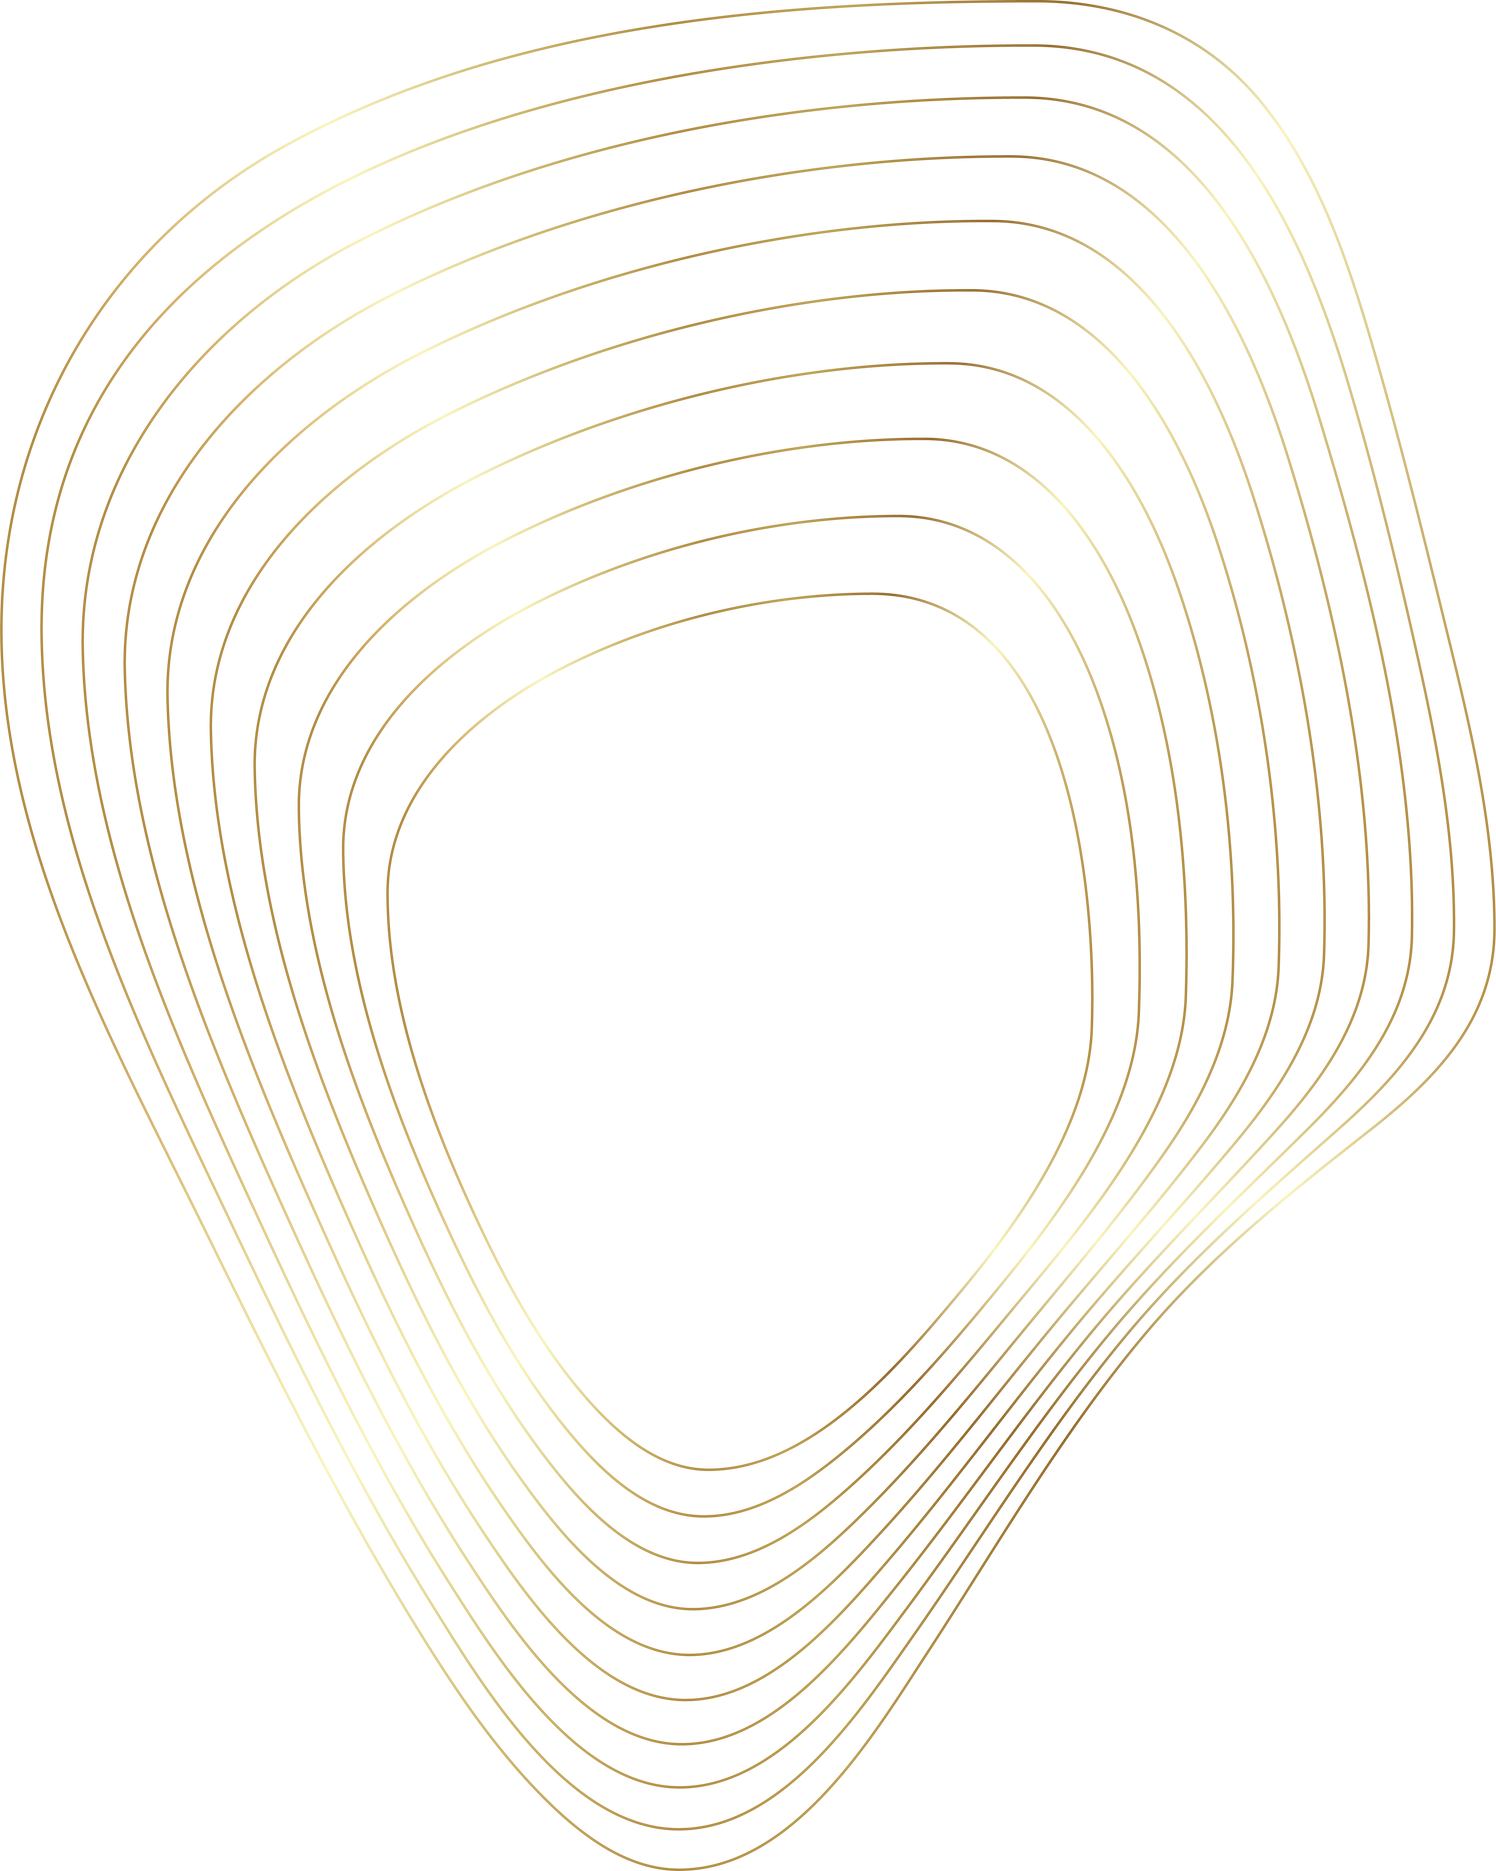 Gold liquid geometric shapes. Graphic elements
^^^^^^^^^^^^^^^^
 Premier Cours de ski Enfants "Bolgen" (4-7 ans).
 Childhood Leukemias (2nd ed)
^^^^^^^^^^^^^^^^
» **Task to complete**:
In the listing above, find the line with "Premier Cours de" and the line with "Childhood Leukemias (2nd ed)"; set down exactly those two lines and every line between them, nothing more.

» **Completed exercise**:
 Premier Cours de ski Enfants "Bolgen" (4-7 ans).
 Childhood Leukemias (2nd ed)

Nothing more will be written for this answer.